= Malcolm Gordon (ice hockey) =

Malcolm Kenneth Gordon (January 10, 1868 – November 13, 1964) was an ice hockey coach at St. Paul's School from 1888 to 1917.

Gordon was born in Baltimore, Maryland. In 1882, he arrived at St. Paul's in Concord, New Hampshire.

Hockey had been earlier introduced at St. Paul's from Canada, but Gordon is regarded as the individual who helped formalize the game by putting down on paper what is regarded as the first set of rules in the United States. This occurred in 1885; in 1888 he was made hockey coach. Play at St. Paul's was strictly intramural, but in 1896 Gordon took the first St. Paul's team to New York City to play at the old St. Nicholas Rink. In that first game the St. Paul's alumni defeated Gordon's team 3-1.

His coaching career extended until 1917, during which time he developed numerous players, including Hobey Baker, for the Eastern colleges. It was such former players who provided the financial backing for the St.
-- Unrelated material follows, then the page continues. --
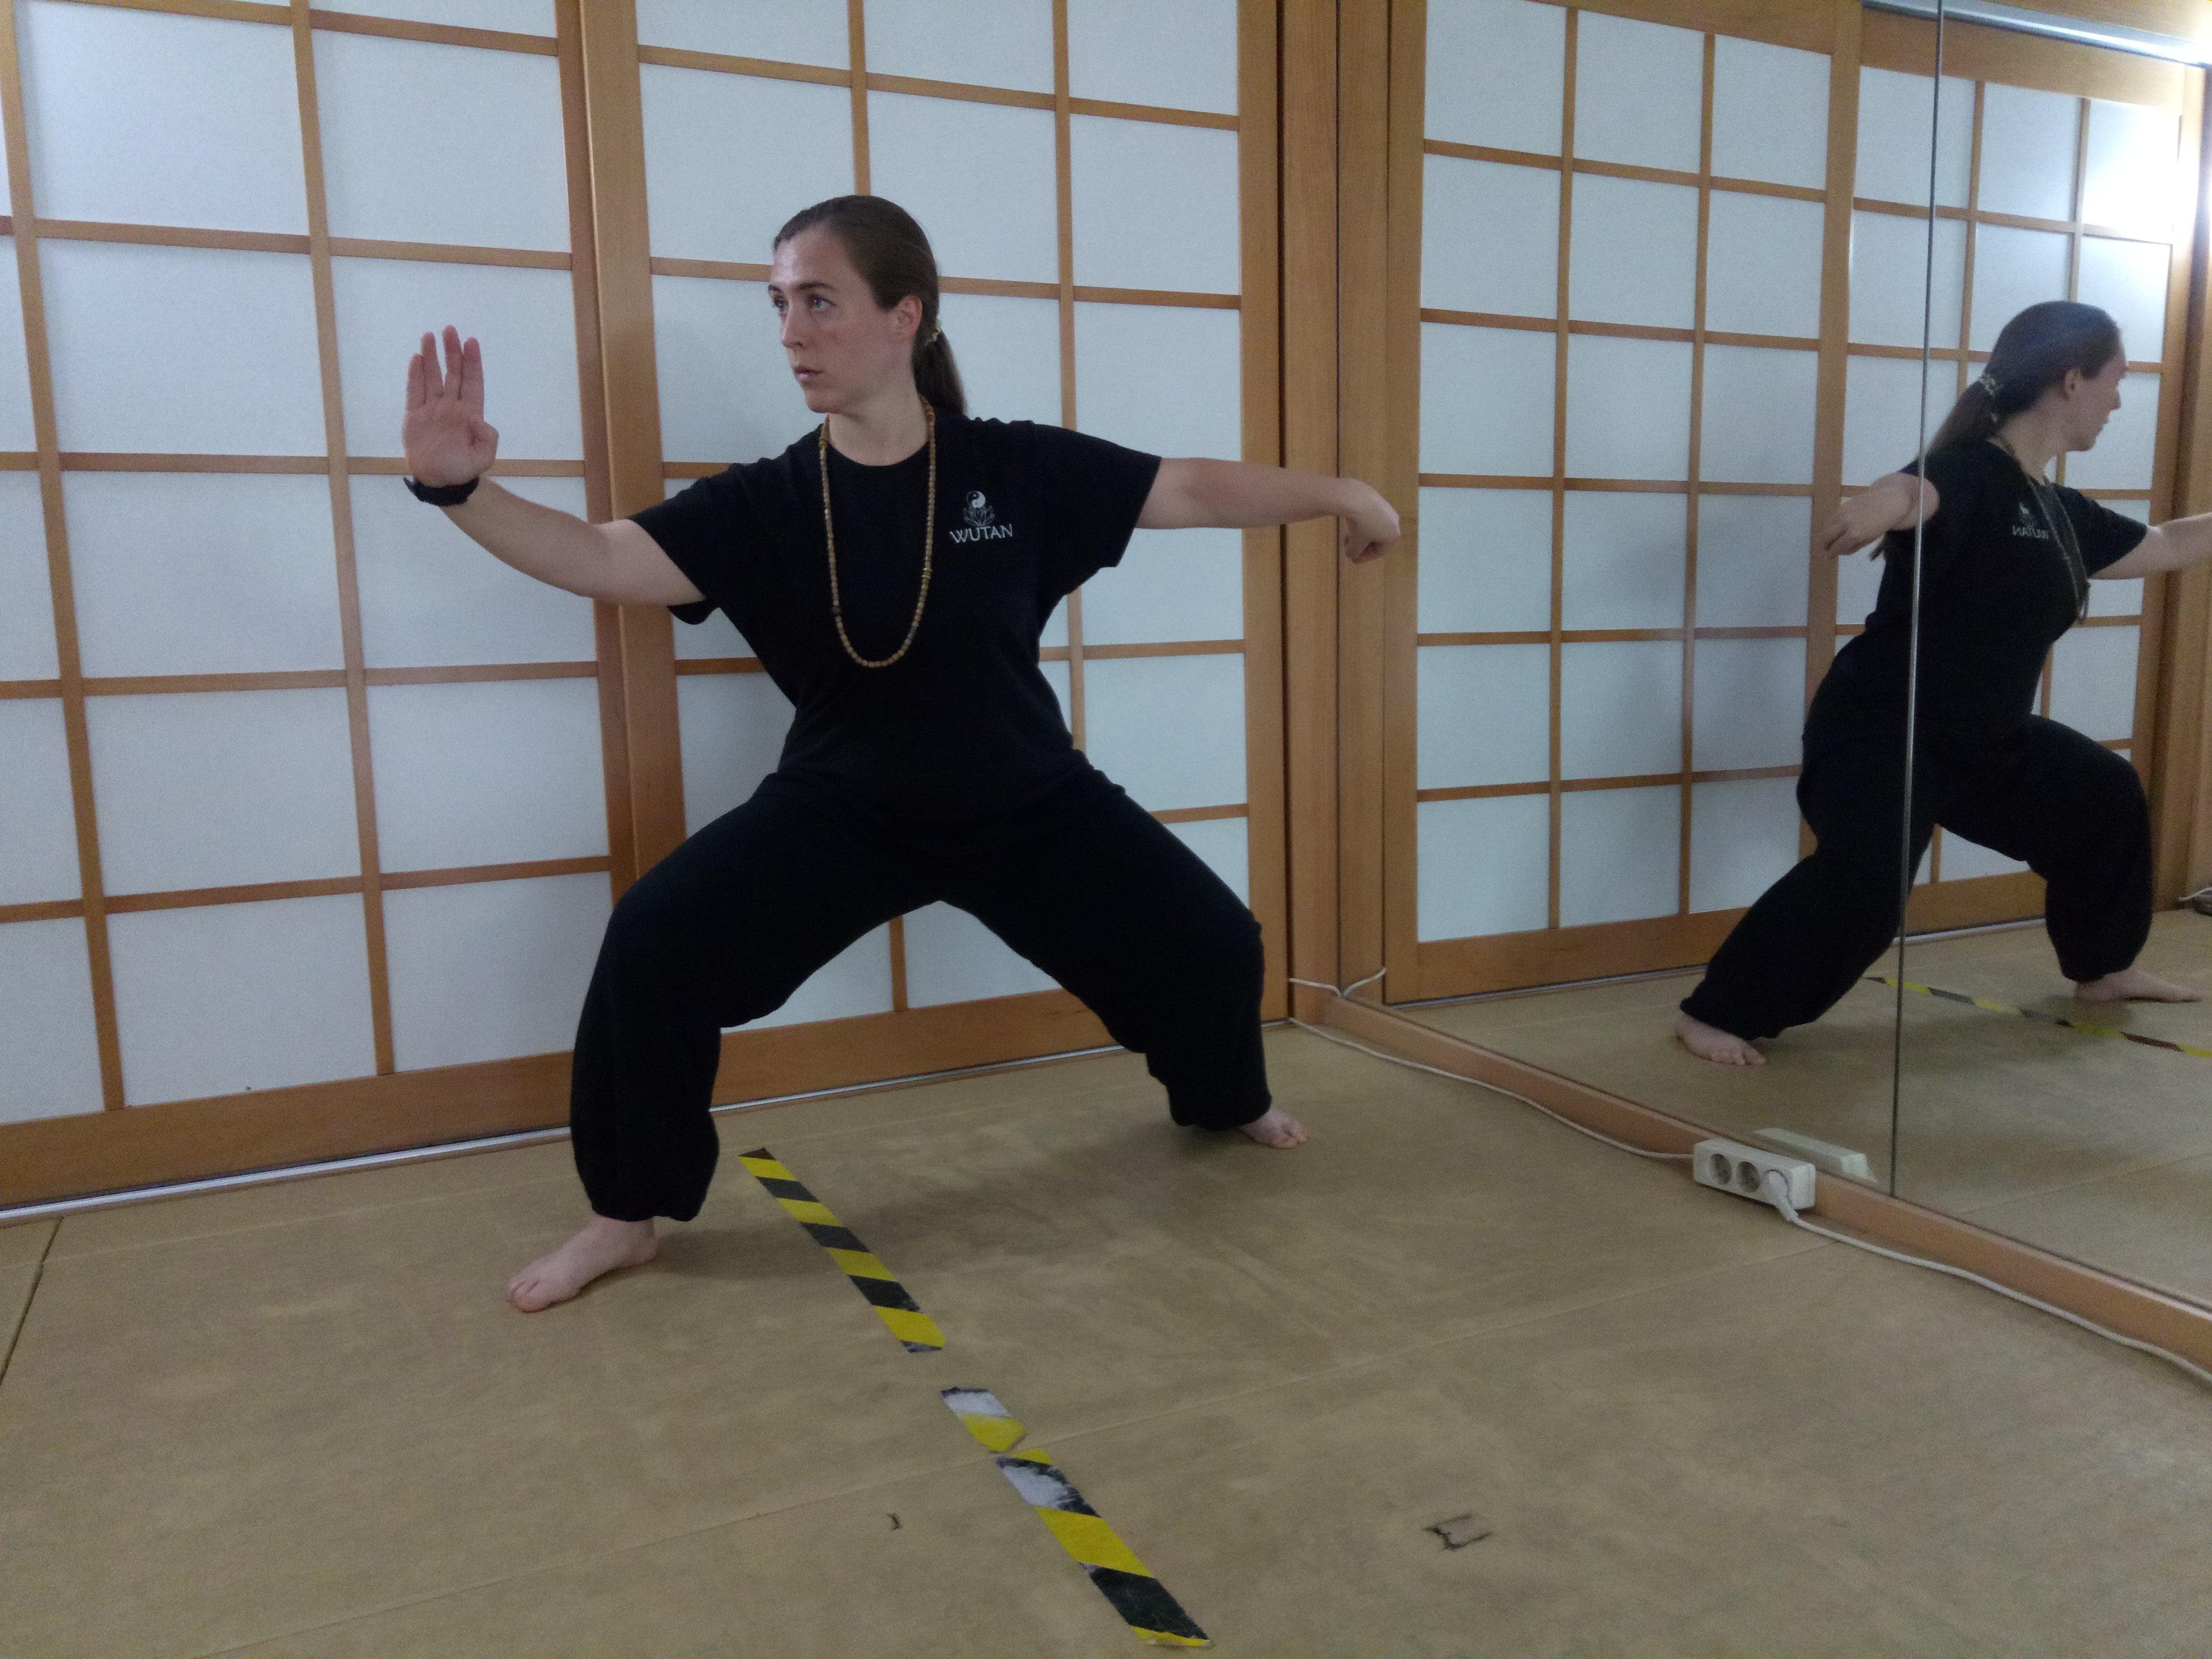 Mejora tu salud física y mental mediante las artes marciales - María Isabel Tienda Martínez-Cerrillo, profesora de Kung Fu en Córdoba.

Nicholas Rink. Gordon was head of the history department at St. Paul's and in addition to hockey, also coached football and cricket as well.

After World War I service he was in the real estate business until 1927, when he founded the Malcolm K. Gordon School at Garrison, New York. He retired as headmaster in 1952, succeeded by his son David. Gordon continued to teach history at the school until 1963. He died the following year in Garrison, New York, at age 96.

In 1973, he was inducted in the first class (1973) to the United States Hockey Hall of Fame.